Читаем Главный университет. Повесть о Михаиле Васильеве-Южине полностью

По старой традиции бедных студентов Михаил давал богатым недорослям уроки математики. И все-таки не хватало денег — уроками много не заработаешь. Да к тому же в летние месяцы богатые родители увозили своих сынков на дачи или на воды и оставался студент без заработка. Многие его товарищи разъехались по домам, под родительское крылышко.
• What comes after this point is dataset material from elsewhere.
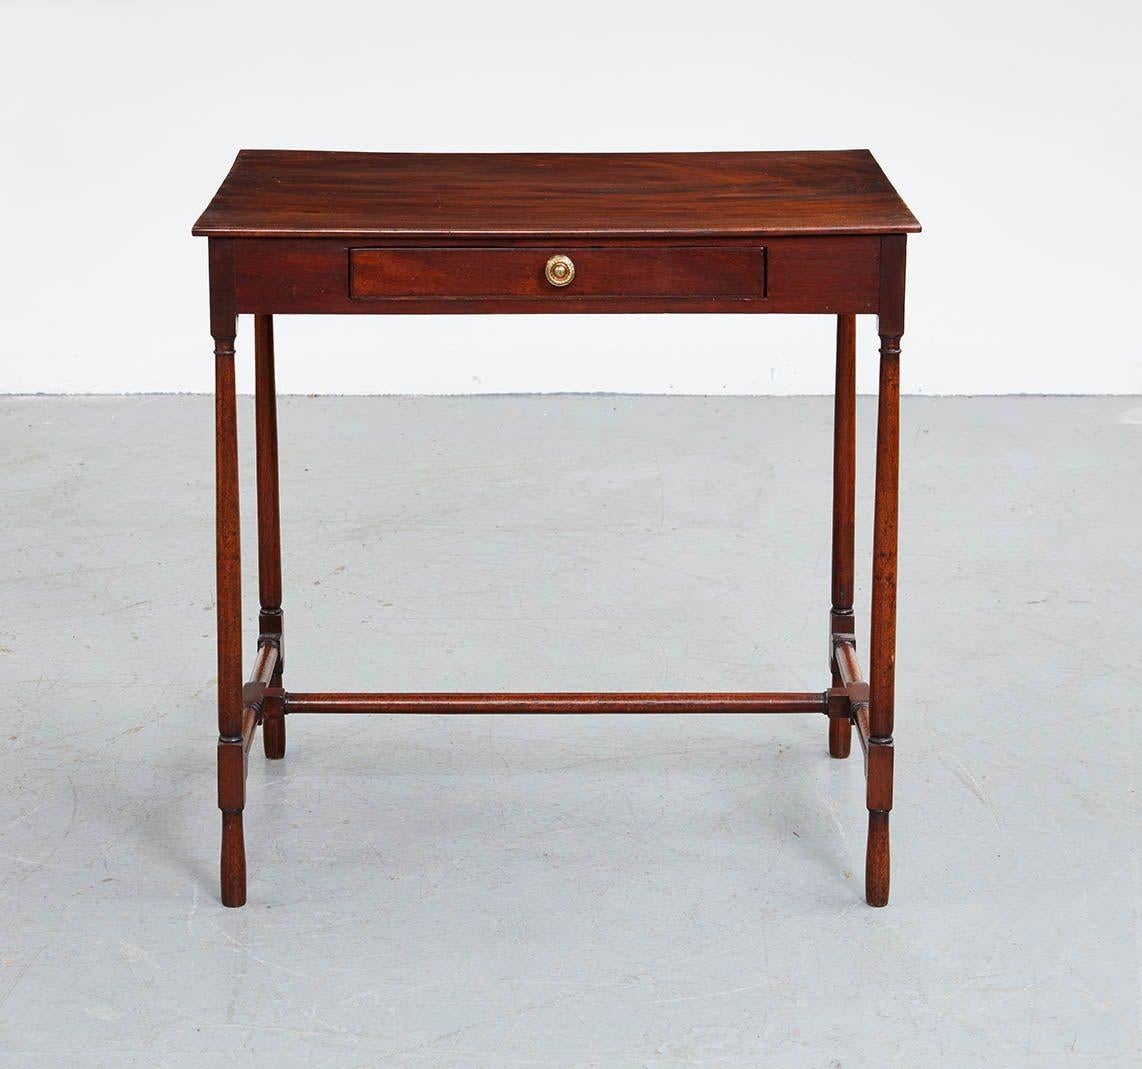 Good George III Mahogany single drawer stretcher base table, the single plank top with vivid graining, over single drawer retaining original gilt brass pull and with mahogany linings and drawer bottom, standing on simple turned legs joined by

А Михаилу ехать некуда: мать уже покинула домик, в котором они жили, — с уходом отца ей предложили убраться из казенного госпитального помещения, где обычно проживал дворник… Она ушла к чужим людям на самую трудную работу только за пропитание да ночлег. Деньги, которые присылал ей Михаил, эта изможденная, уставшая женщина на себя не тратила: закончит учебу Мишутка, женится — вот и нужна ему будет эта сбереженная копеечка.
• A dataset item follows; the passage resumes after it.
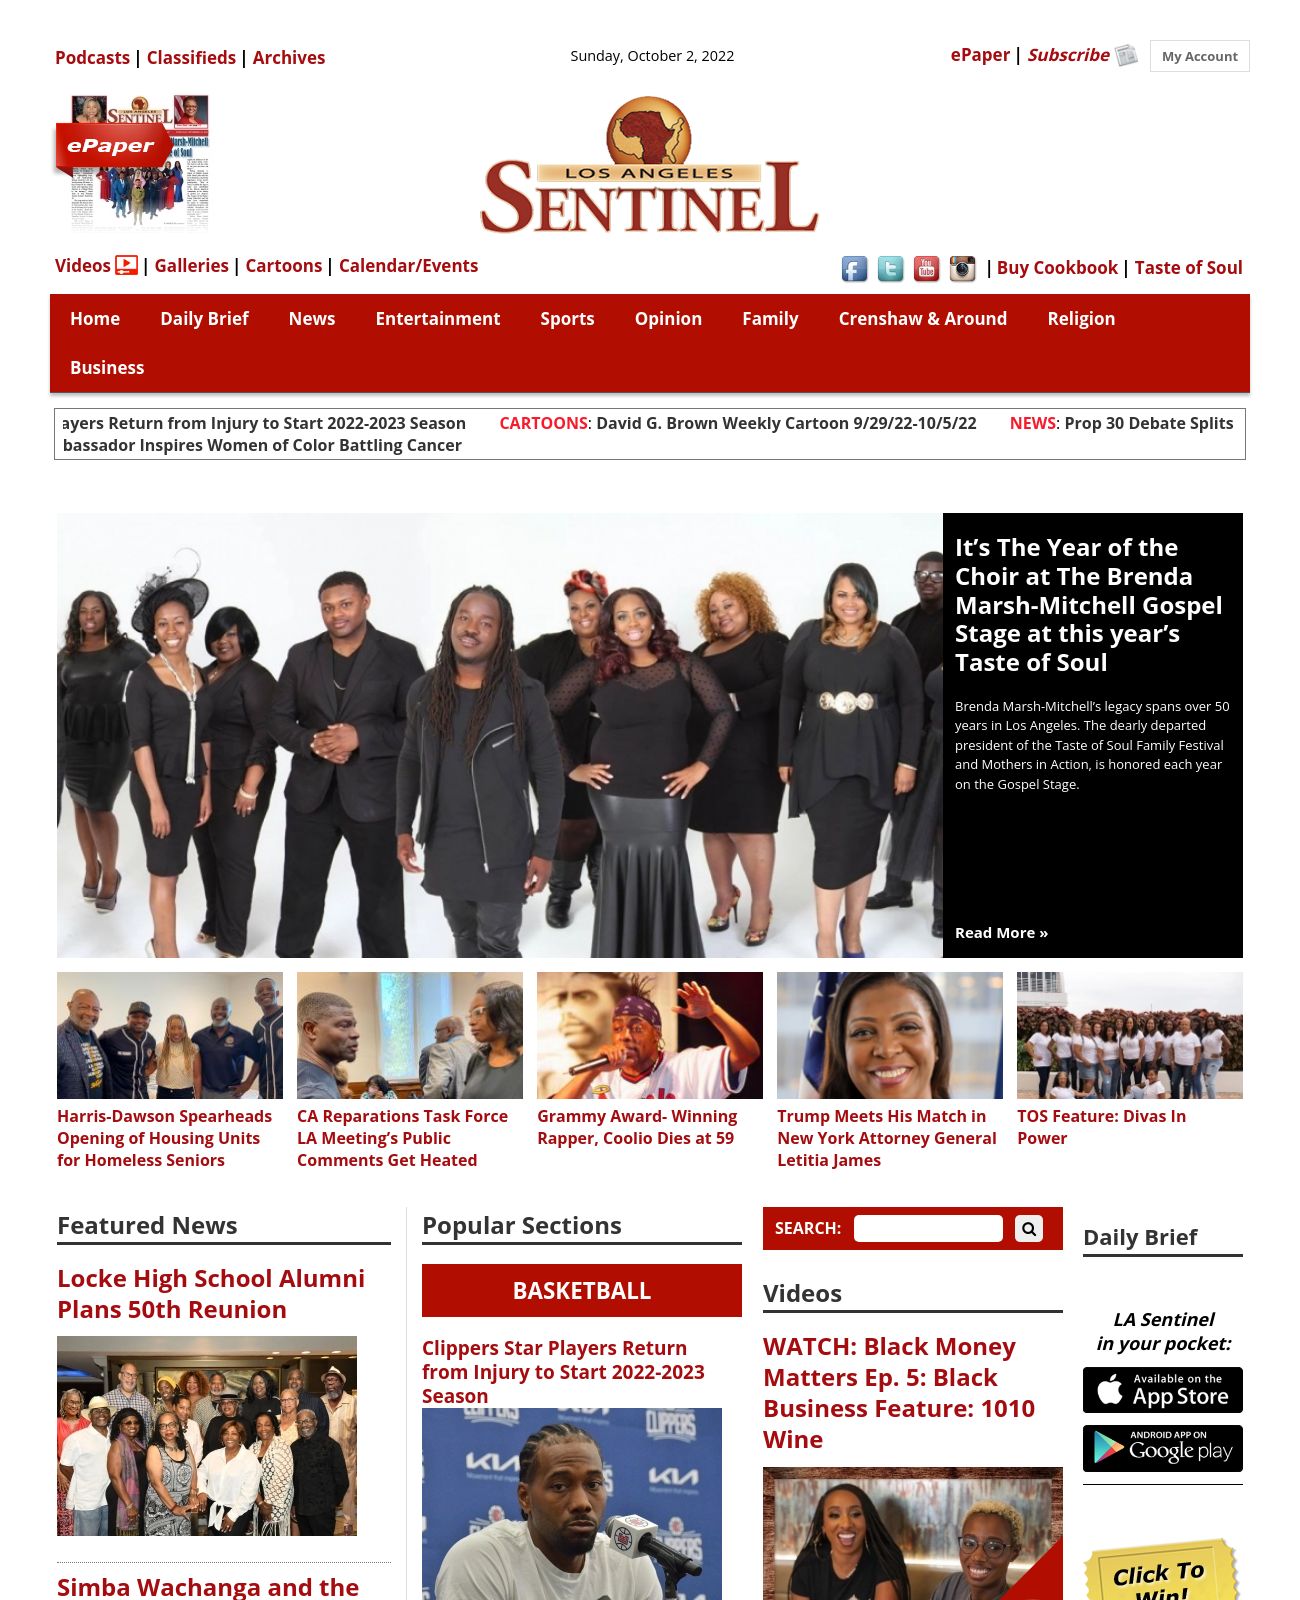 Los Angeles Sentinel at 2022-10-03 00:30:35-07:00 local time

Михаилу она отправляла письма короткие — неудобно просить чужих грамотеев длинно писать, — дескать, живу исправно, не беспокойся, учись хорошо, а главное, в еде себе не отказывай…

Михаил читал эти письма в три строки, и сердце обволакивала неодолимая тоска, щемящая боль. Мама… Как несправедлива к ней жизнь, как горька ее женская судьба!.. Сколько раз хотелось ему бросить все и уехать к ней, чтобы быть рядом, подставить ей свое сыновнее плечо! Но с чем он поедет, без гроша в кармане, недоучившийся, ничего не умеющий студент?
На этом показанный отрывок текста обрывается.